野狐(のぎつね)の群れが鳴いていたというから、噴湯当時の瀬波温泉の様子たるや、原野と松林の広がる鬱然(うつぜん)とした草深い未墾地であった。
与謝野晶子が「いずくにも 女松の山の 裾ゆるく」と歌う景色だ。眺望限りなく女松の山が広まっている叙情の風情だった。それが噴湯によって様相が一変し、さらに鉄道の開通が温泉地の開発に拍車をかけた。
新発田(しばた) 中条間が開通したのは、大正3(1914)年6月1日、村上線 中条 村上間の開通は同年11月1日であった。引き続き、秋田へ向かっての工事が進められ、大正13(1924)年7月には羽越線の全線が開通した。客貨車とも、上り下り7本が運行。村上線開通6日目には東京から250人の観光団が訪れた。
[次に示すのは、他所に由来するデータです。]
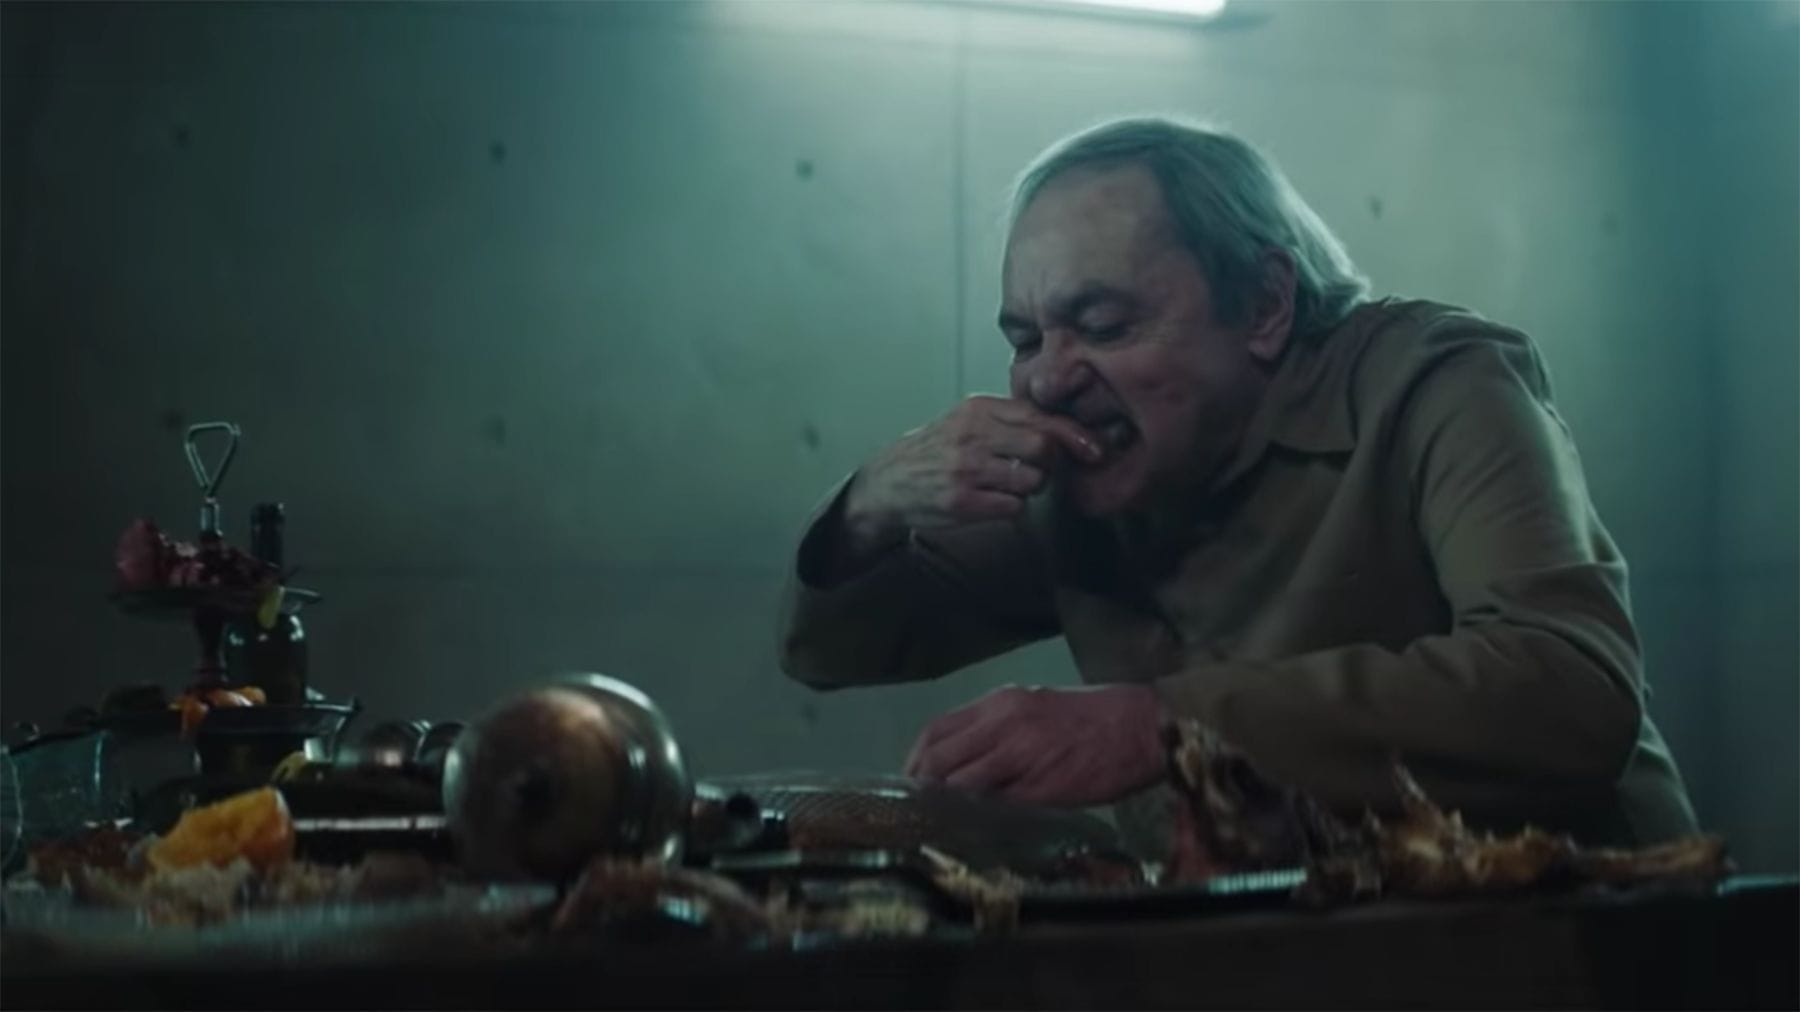 Trailer: The Platform | Kino/TV | Was is hier eigentlich los?
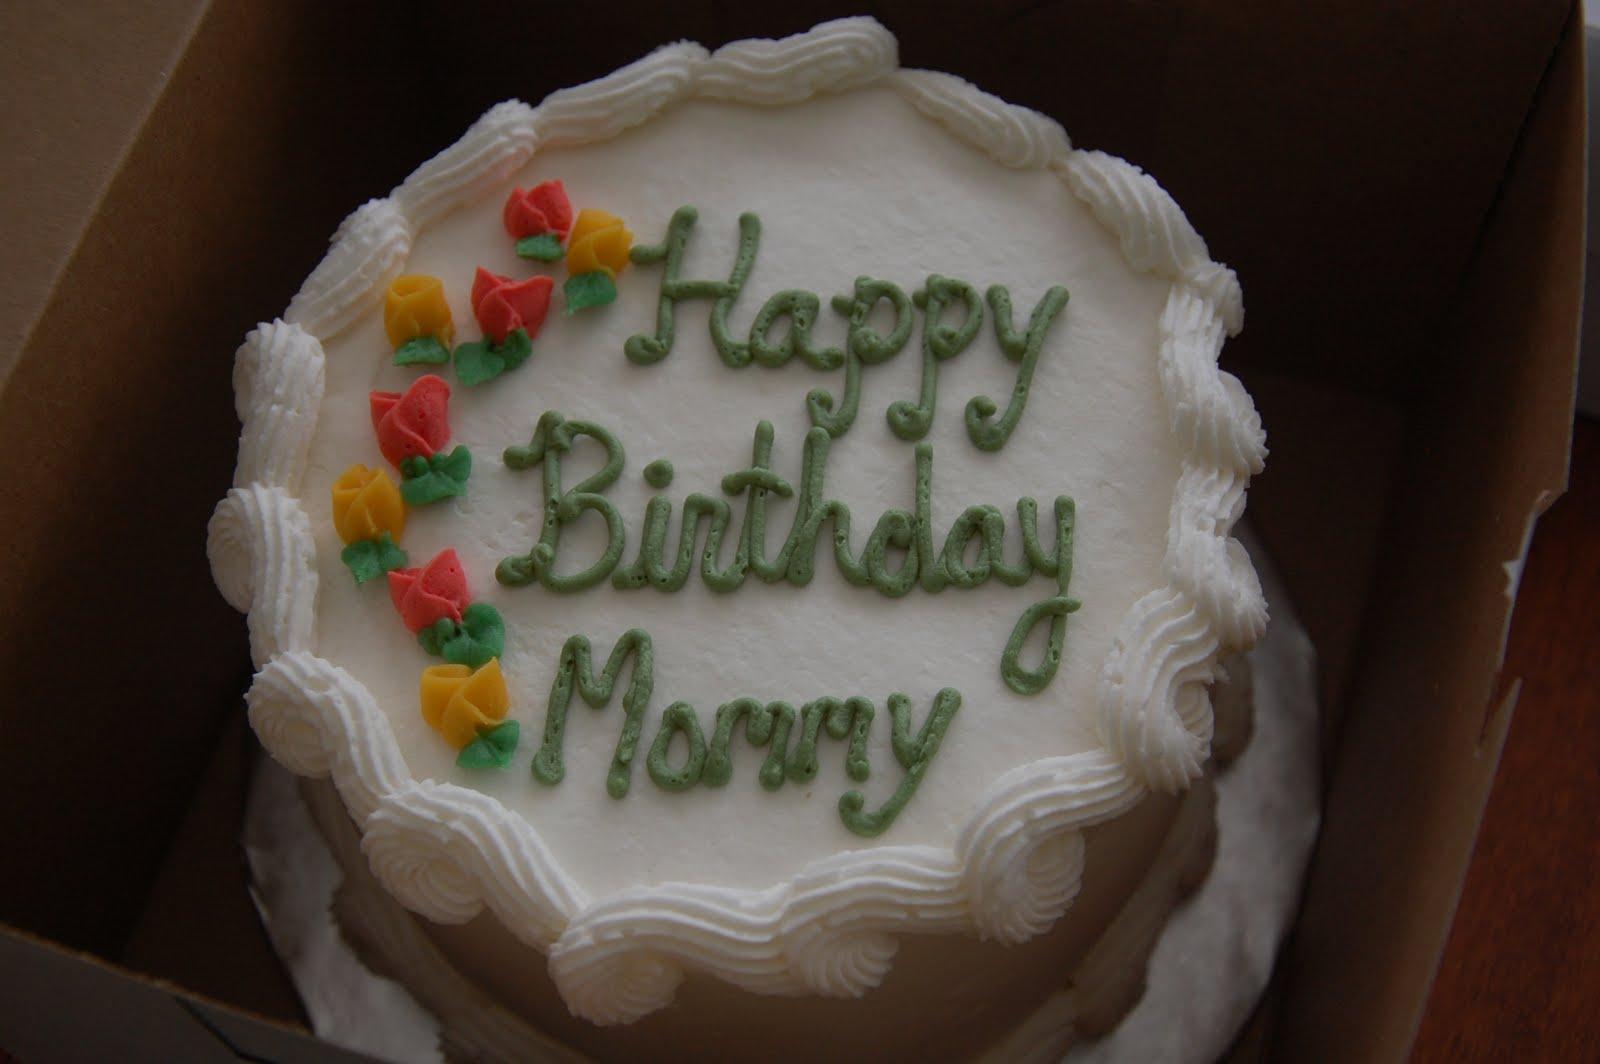 Angela Bartons Cakes: Birthday Blessings

同年11月には群馬県桐生や本県長岡から、また信越線経由では長野や関東方面からも煤煙(ばいえん)をなびかせた列車が新しい風致を描くようになった。駅と温泉を結ぶ道路にも着手し、松山線が開通し、瀬波自動車株式会社の設立となり、ハイヤーの営業が始まった。
大正15(1926)年の瀬波松山温泉は、旅館12軒、自炊客も受け入れていた。上の写真は、その頃の松山温泉を髣髴(ほうふつ)とさせるに充分であろう。